You are viewing a plain text version of this content. The canonical link for it is here.
Posted to commits@spark.apache.org by gu...@apache.org on 2023/09/15 04:22:53 UTC
[spark] branch master updated: [SPARK-45171][SQL] Initialize non-deterministic expressions in `GenerateExec`
This is an automated email from the ASF dual-hosted git repository.

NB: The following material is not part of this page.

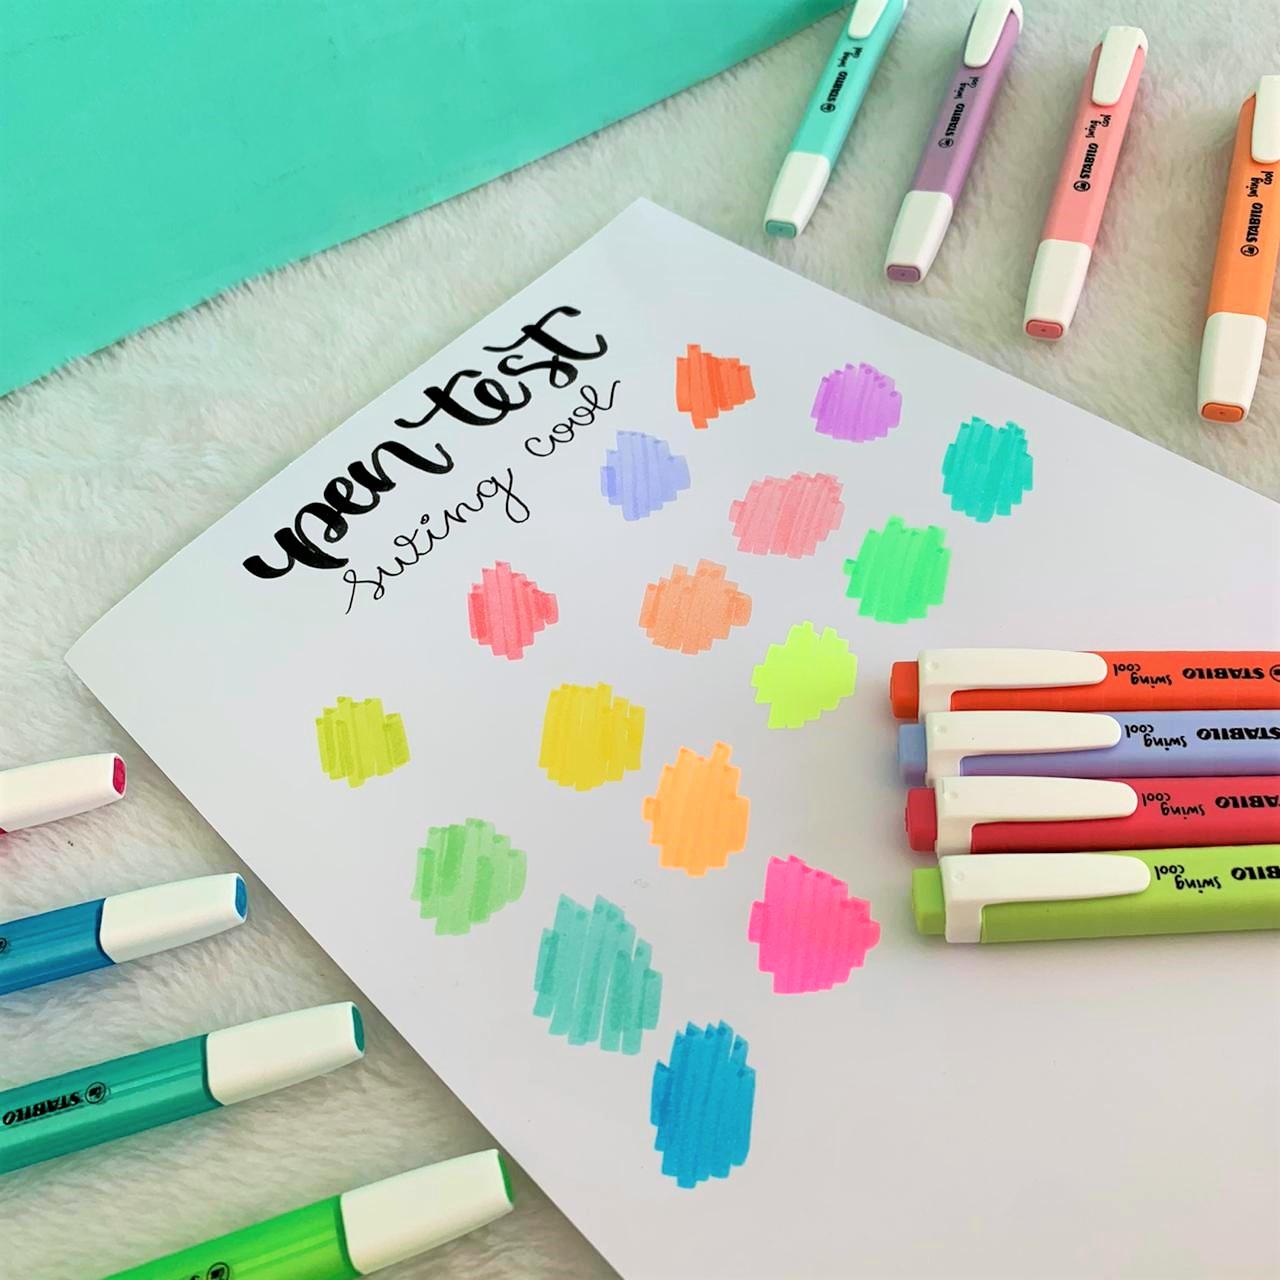 Kit Marca Texto Swing Cool com 4 cores Pastéis| Stabilo
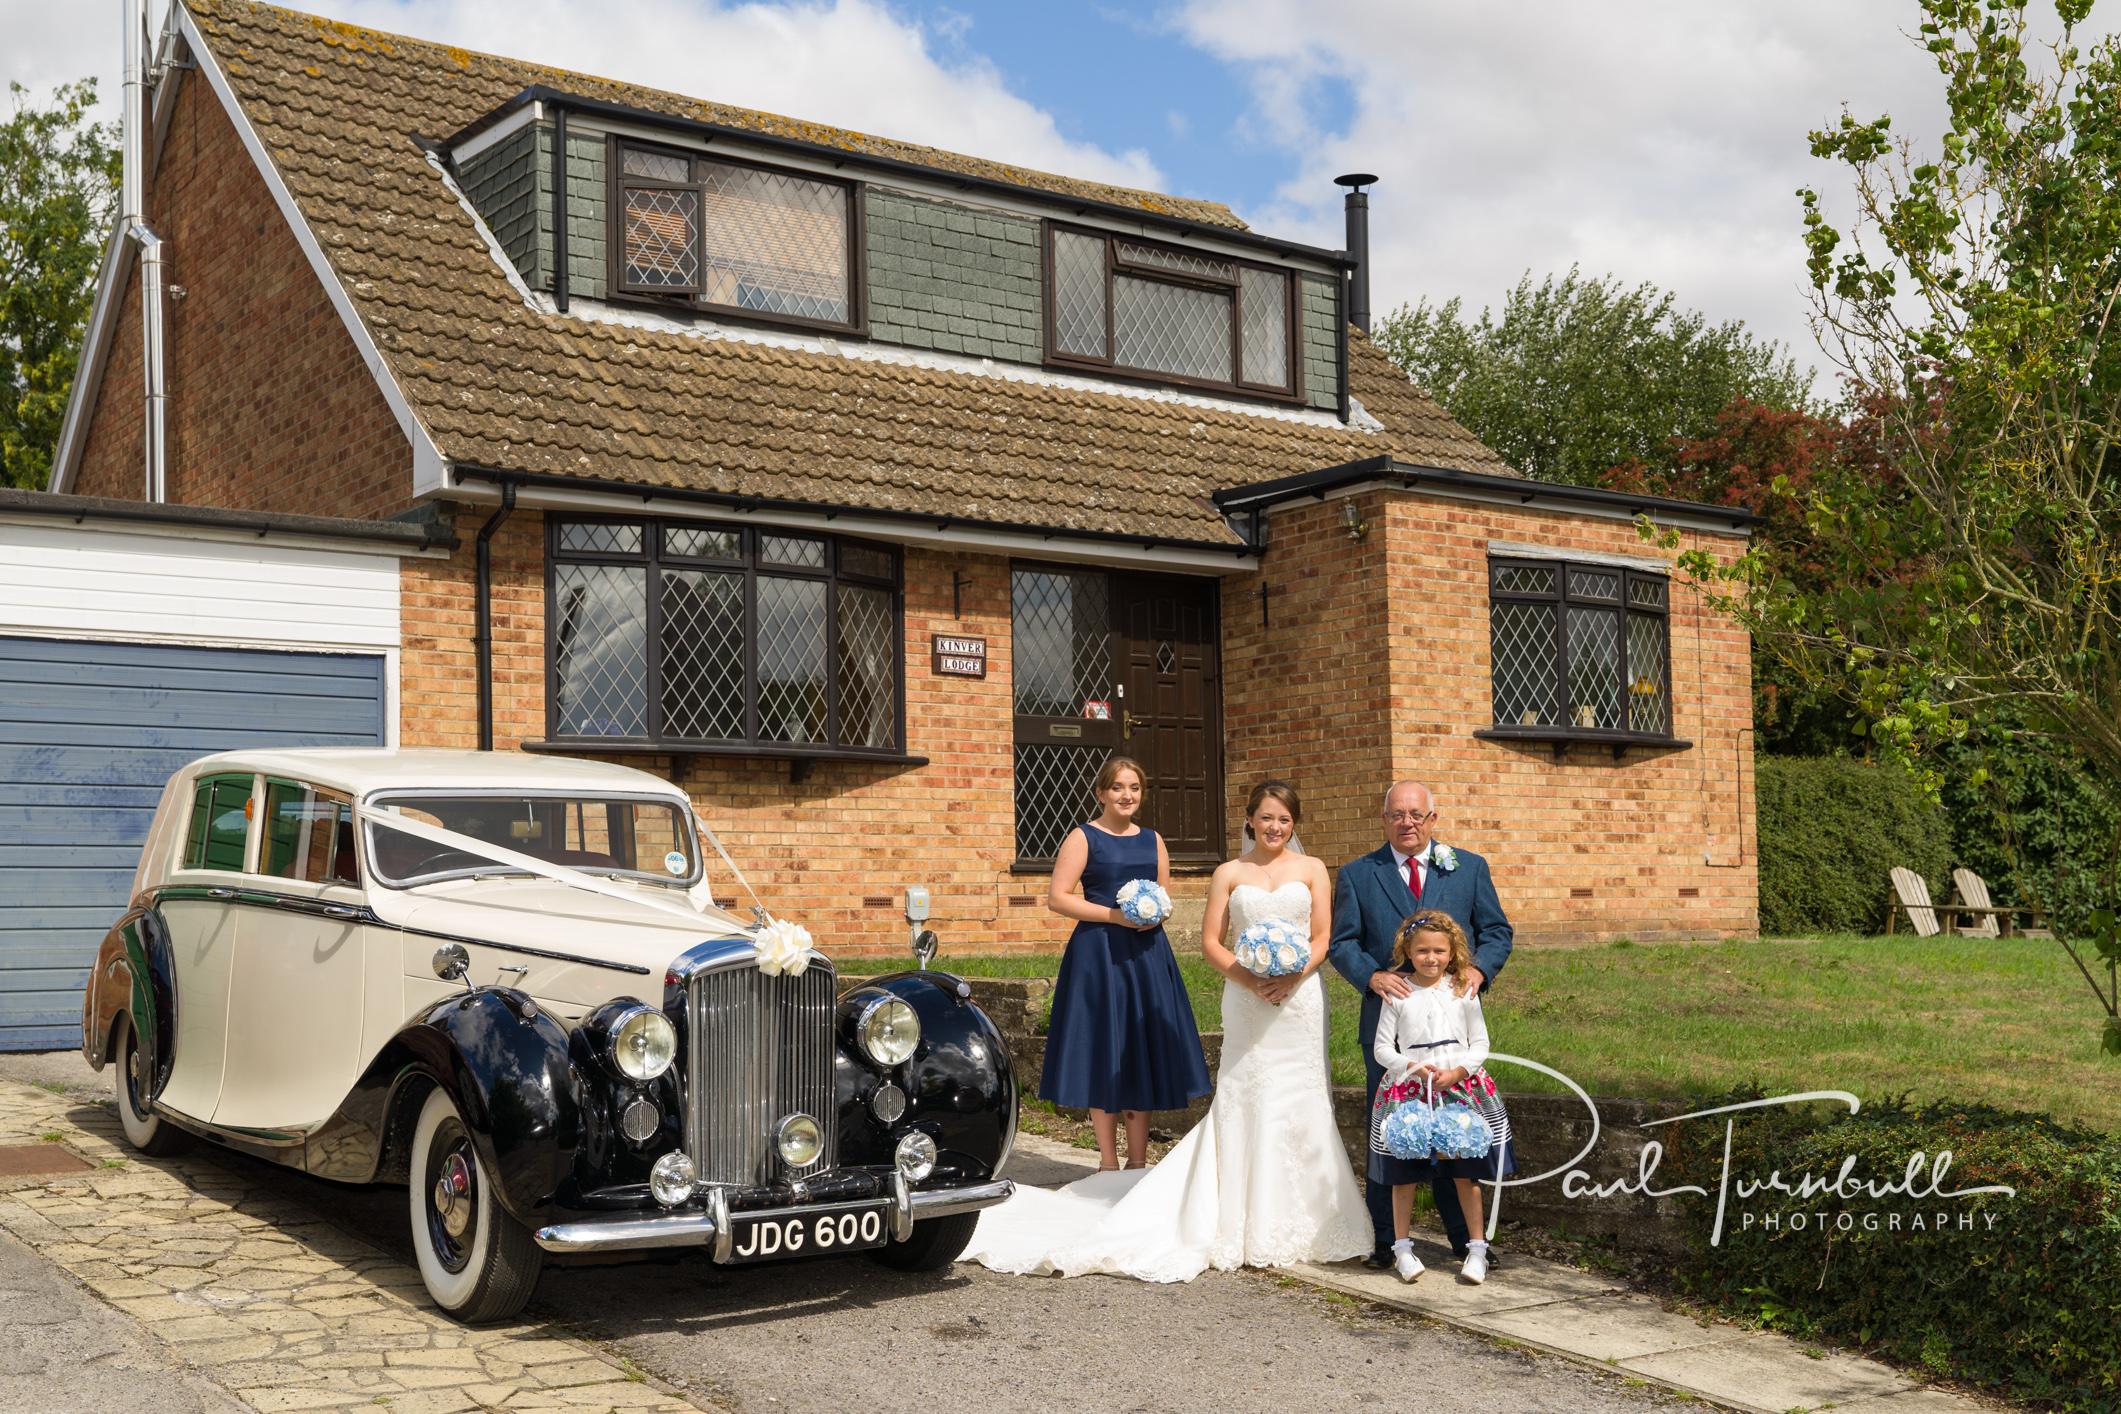 wedding-photographer-south-dalton-walkington-yorkshire-emma-james-022.jpg

gurwls223 pushed a commit to branch master
in repository https://gitbox.apache.org/repos/asf/spark.git
The following commit(s) were added to refs/heads/master by this push:
new e097f916a27 [SPARK-45171][SQL] Initialize non-deterministic expressions in `GenerateExec`
e097f916a27 is described below
commit e097f916a2769dfe82bfd216fedcd6962e8280c8
Author: Bruce Robbins <be...@gmail.com>
AuthorDate: Fri Sep 15 13:22:40 2023 +0900
[SPARK-45171][SQL] Initialize non-deterministic expressions in `GenerateExec`
### What changes were proposed in this pull request?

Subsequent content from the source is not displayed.